Ein Paar mit Kind  (Foto: Lukas Schulze/dpa)

Geld für ärmere Familien selten abgerufen

Katharina Döppler mit Informationen von Kristin Luckhardt   06.01.2018 | 09:20 Uhr

Einkommensschwache Familien können einen Kinderzuschlag von bis zu 170 Euro pro Kind bekommen. Mehr als zwei Drittel der Berechtigten nehmen die Leistung nach Angaben der Familienkasse jedoch nicht in Anspruch.

Der Leiter der Familienkasse Rheinland-Pfalz-Saarland, Herbert Jordan, sagte SR.de, im vergangenen Jahr hätten im Saarland durchschnittlich 630 Familien pro Monat den Zuschlag beantragt. Das seien aber nur etwa 30 Prozent derjenigen, die grundsätzlich die Voraussetzungen erfüllen. Hauptgrund dafür, dass viele keinen Kinderzuschlag beantragen, sei schlicht Unkenntnis. Viele Familien wüssten nicht, dass es die Leistung gibt. Dabei wurde der Kinderzuschlag bereits 2005 eingeführt.

Als weiteren Grund für die geringe Inanspruchnahme vermutet Jordan eine generelle Scheu vor staatlichen Institutionen und staatlichen Leistungen. Die Familienkasse habe, so Jordan, verschiedene Informationskampagnen gestartet und den Zuschlag aktiv umworben. Sozialverbände wie der VdK würden gezielt angesprochen und gebeten, Familien auf den Kinderzuschlag hinzuweisen. Im Laufe dieses Jahres sollen zusätzlich Beratungen über Skype angeboten werden.

Was ist der Kinderzuschlag?

Mit dem Kinderzuschlag sollen einkommensschwache Familien entlastet werden. Ziel ist es, die Kinderarmut zu bekämpfen und den Kindern Teilhabe am gesellschaftlichen Leben zu ermöglichen. Reicht das Einkommen der Eltern zwar aus, um ihren eigenen, nicht aber auch den Lebensunterhalt ihrer Kinder zu bezahlen, können sie die Familienleistung beantragen. Allerdings muss die Familie einige Voraussetzungen erfüllen. Dazu gehört:

  • dass die Eltern für ihre Kinder Kindergeld beziehen.

  • dass die Eltern zusammen mindestens 900 Euro im Monat verdienen (Alleinerziehende: 600 Euro).

  • das Einkommen eine Höchsteinkommensgrenze nicht übersteigt.

  • kein Anspruch auf Arbeitslosengeld II besteht.

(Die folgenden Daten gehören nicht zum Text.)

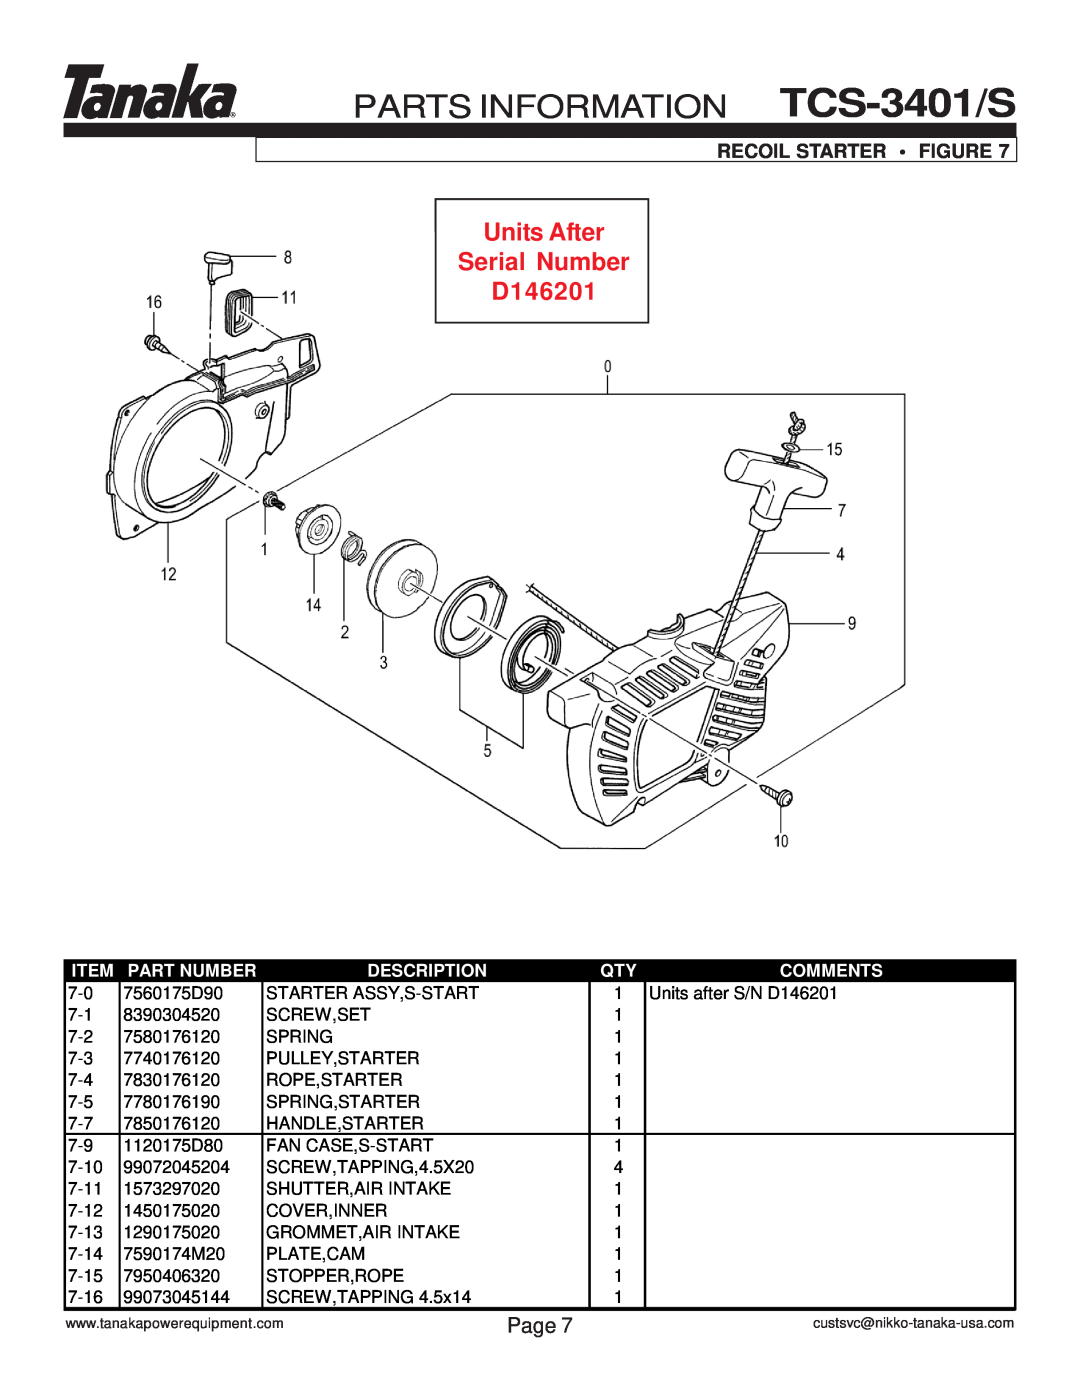 Tanaka manual Units After Serial Number D146201, PARTS INFORMATION TCS-3401/S, Recoil Starter Figure, Page, Part Number 
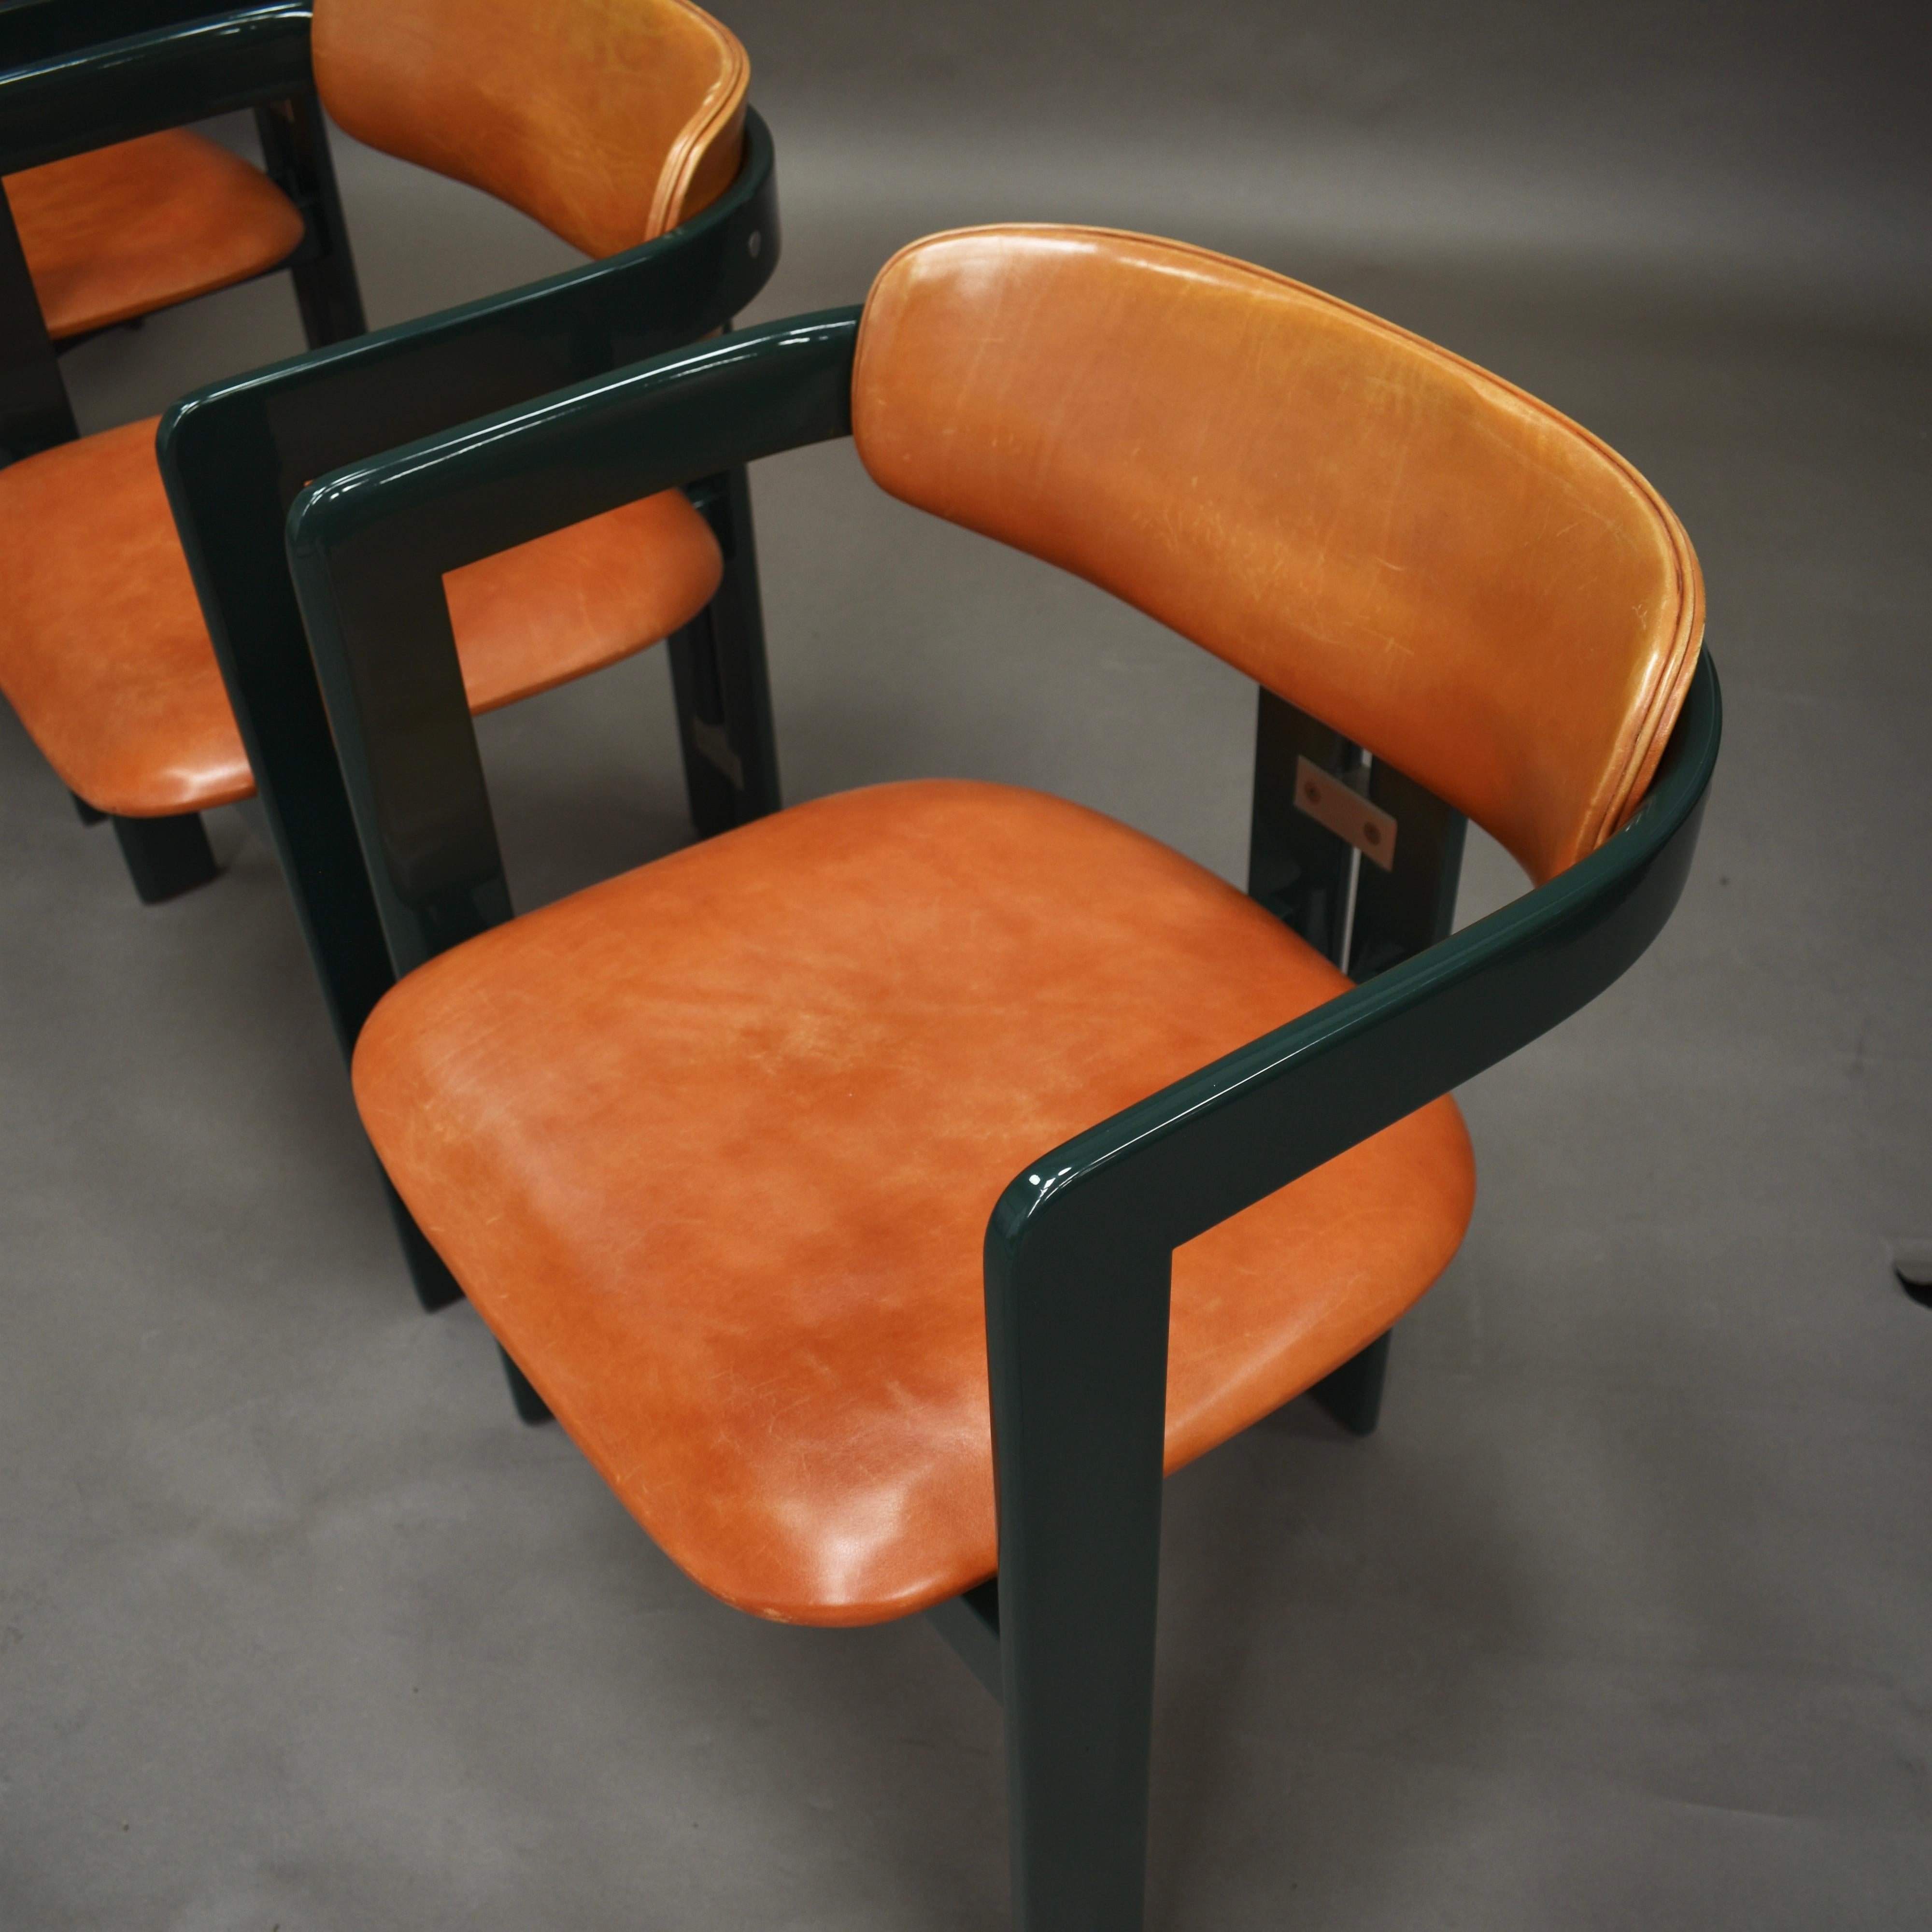 Pamplona Chairs by Augusti Savini in Green and Tan Leather, Italy, 1965 1

Einkommensgrenze wird individuell berechnet

Dabei gibt es keine pauschale Höchsteinkommensgrenze. Diese muss vielmehr für jede Familie ausgerechnet werden. Entscheidend sind die individuellen familiären Verhältnisse. Zusammengerechnet wird der elterlichen Bedarf im Sinne der Regelungen zum Arbeitslosengeld II, ein prozentualer Anteil an den Wohnkosten und der Gesamtkinderzuschlag.

Bei einer Familie mit zwei Kindern, die monatlich 600 Euro Miete bezahlt, liegt die höchste Einkommensgrenze beispielsweise bei rund 1500 Euro brutto. Diese Familie erhält also den Kinderzuschlag wenn sie über 900 Euro und unter 1500 Euro verdient.

Informationen zum Kinderzuschlag und seiner Berechnung
Familien mit niedrigem Einkommen können unter bestimmten Voraussetzungen Kinderzuschlag erhalten. Welche Voraussetzungen das sind, erklärt das Bundesfamilienministerium auf seiner Webseite unter anderem auch mit einem Erklärfilm.

Die Familienkassen der Bundesagentur für Arbeit sind neben dem Kindergeld auch für den Kinderzuschlag zuständig. Bei ihnen können sich Familien über die Leistung informieren. Dort können sie den Kinderzuschlag auch beantragen. Die Formulare dafür können Sie auch im Internet herunterladen. Ansprechpartner im Saarland ist die Familienkasse in der Saarbrücker Hafenstraße.